Beatty stayed with Yahoo for a couple of years, moved on to become a managing director at tech-accelerator Techstars — “His time at Techstars helped influence an entire generation of entrepreneurs,” said Newman, who co-founded wireless beacon firm Roximity — and then took over AOL’s media group in 2013.
There, he was the boss of top brands such as TechCrunch, Huffington Post and Engadget. When Beatty announced last November that he would leave AOL, TechCrunch’s editor-inchief Matthew Panzarino called Beatty “a great partner and friend.”

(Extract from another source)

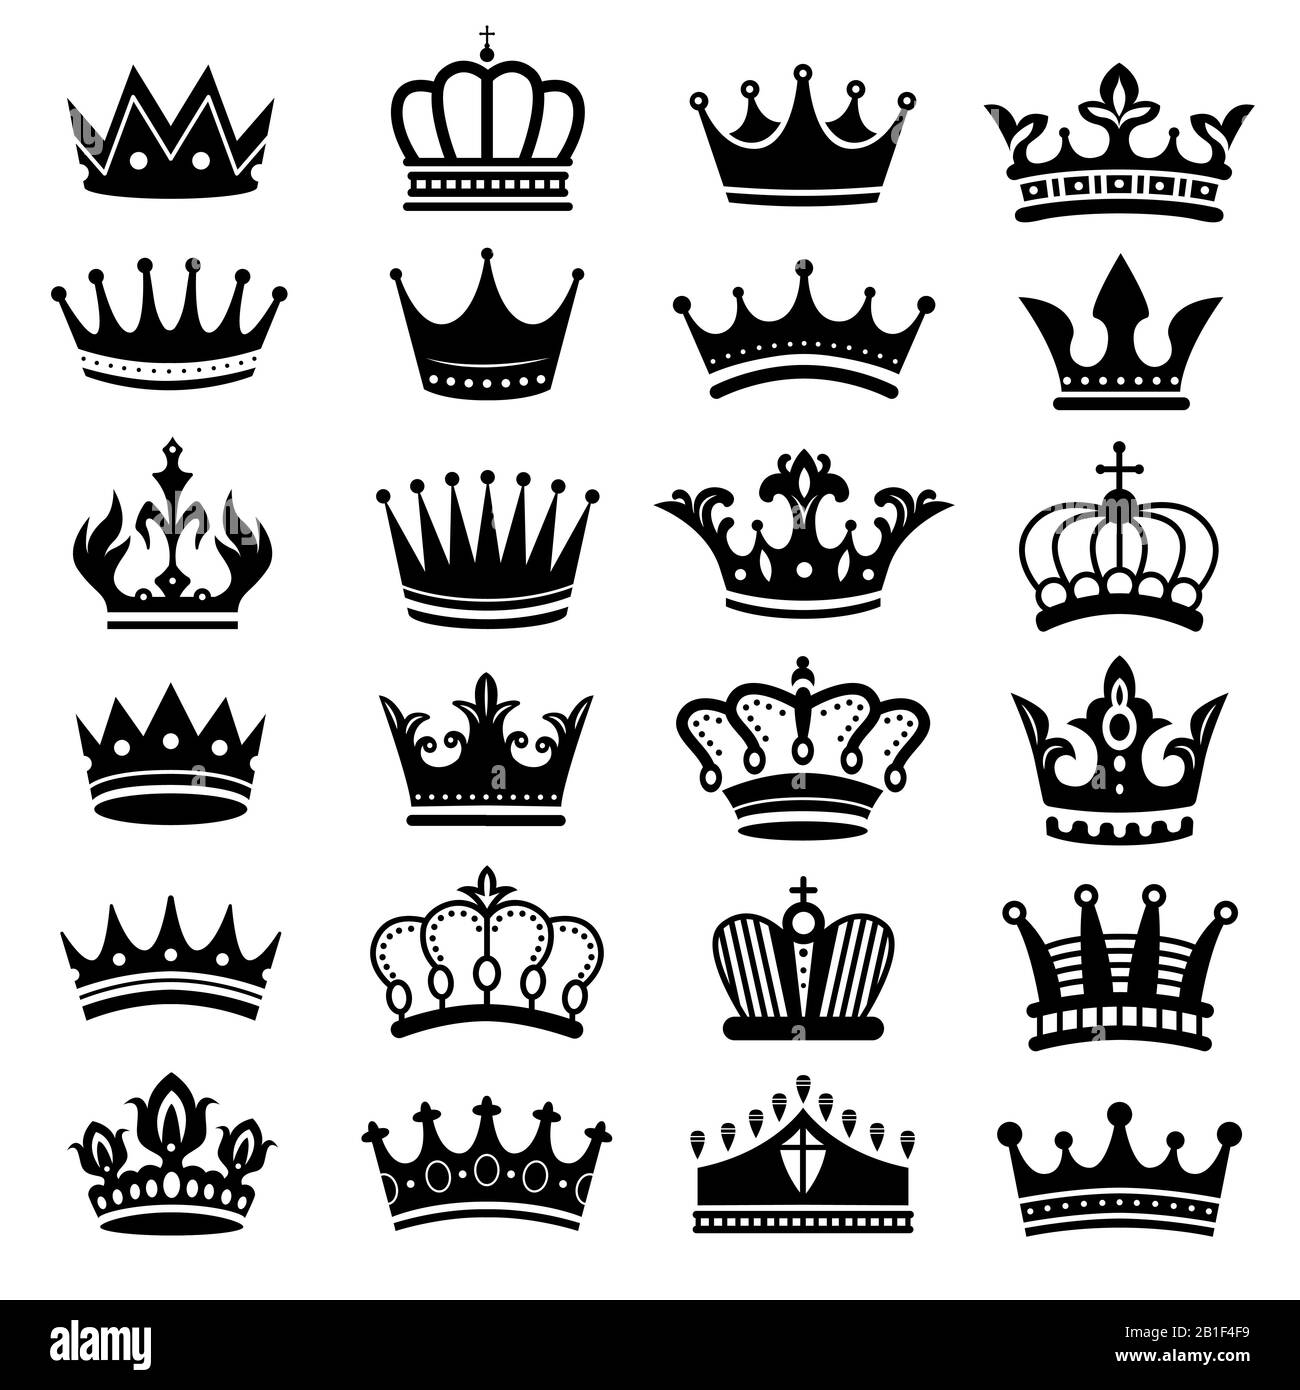 Royal crown silhouette. King crowns, majestic coronet and luxury tiara silhouettes vector set Stock Vector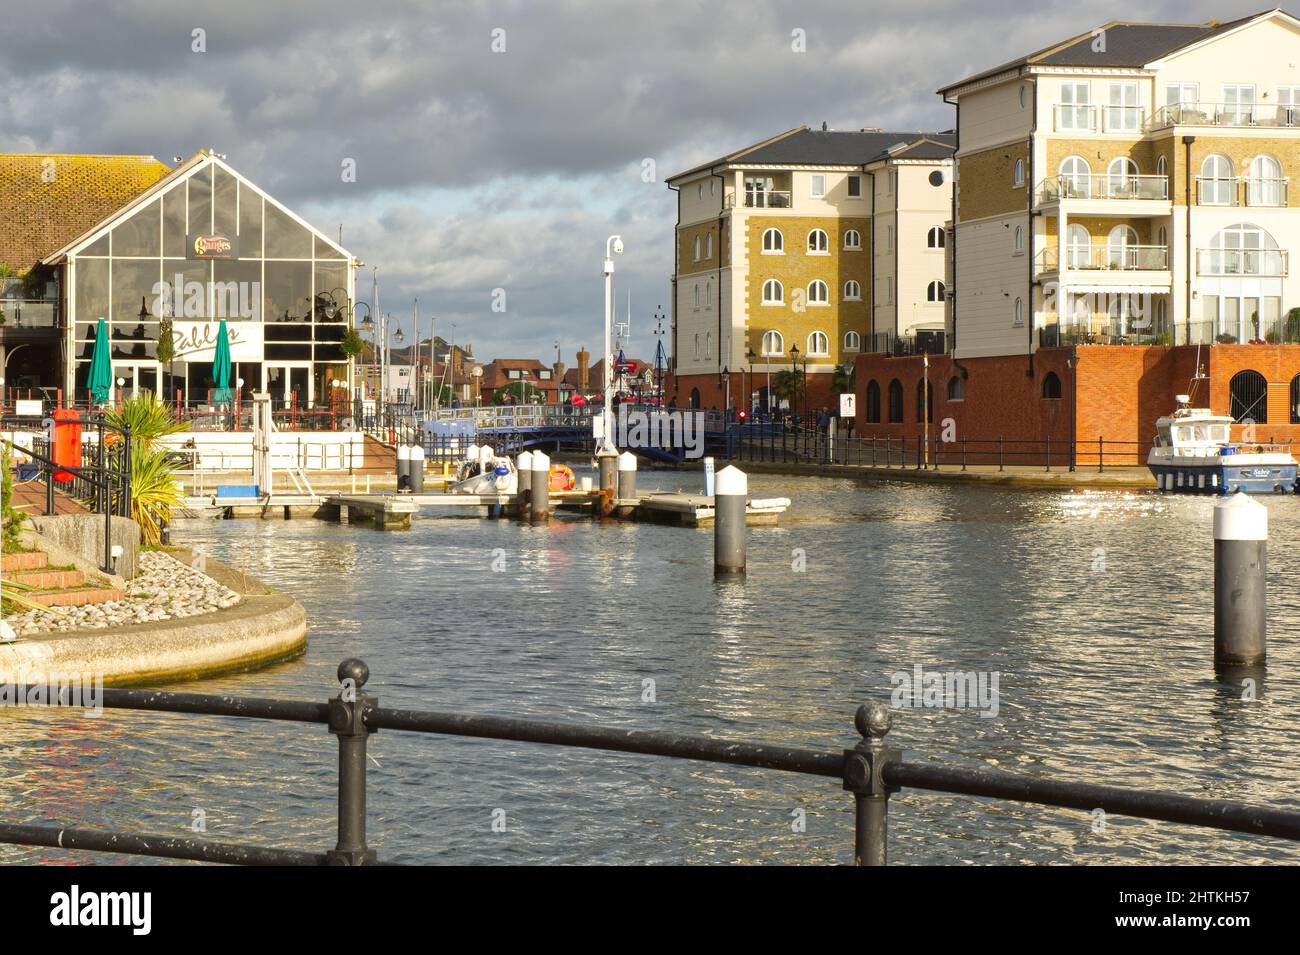 Marina, shops, restaurants and apartments at Sovereign Harbour, Eastbourne in East Sussex, England. Stock Photo

That whole time, he was based in Denver. He traveled every other week. Still, he managed to be a prolific face in the local tech and startup community — if you really wanted to meet him, said Erik Mitisek, who co-chairs the annual Denver Startup Week and is Colorado’s chief innovation officer.
“He’s always giving, always connecting. He’s not only a leader, but he puts Denver and Colorado on the map nationally,” said Mitisek, who described Beatty as an effective leader and “the only CEO to sell a company for $100 million that still had folding chairs and folding tables as standard-issued office equipment.”
Back to Brandfolder
And that brings us back to Brandfolder, an opportunity that Beatty says hadn’t even crossed his mind when he left AOL.
When he was at Yahoo, he said he needed a place his company could store, share and track every digital asset created. He wanted a way to limit who could access a file — anything from a new TV commercial or art for a billboard to consistent logos, images and colors. And he wanted to track who touched it or changed it. A simple way to do all this didn’t exist at the time.
Such services, called digital asset managers, are estimated to reach $5.6 billion in revenues by 2025, according to a report by Grand View Research. Adobe is one of the largest players.
“Brands are worth between 20 and 80 percent of a company. That’s a lot,” Beatty said. “It’s my belief that everyone needs a Brandfolder and they should care about their brand. Even when you lock the door and shut down the business, it’s the one thing you have left.”
Brandfolder, which has raised about $3 million from investors, employs 20 people at its headquarters on the Taxi campus in the River North Art District. The company, Beatty said, has “just under 1,000 paying customers — half of which are household names.”
Parks built the technology. Baker, who moved over to the role of president, increased the number and size of customers. Now it’s Beatty’s turn to help companies manage their identities in a web clogged with content.
“From my perspective, it’s a cool full-circle story,” said Parks, who now runs a seed-investment company, BigFoot Capital. “In a sense, when you think of Brandfolder five years ago, the guy now running it was the guy who scribbled it on the back of a napkin.”
Brandfolder’s Luke Beatty says, “I don’t want to work at a huge company right now.”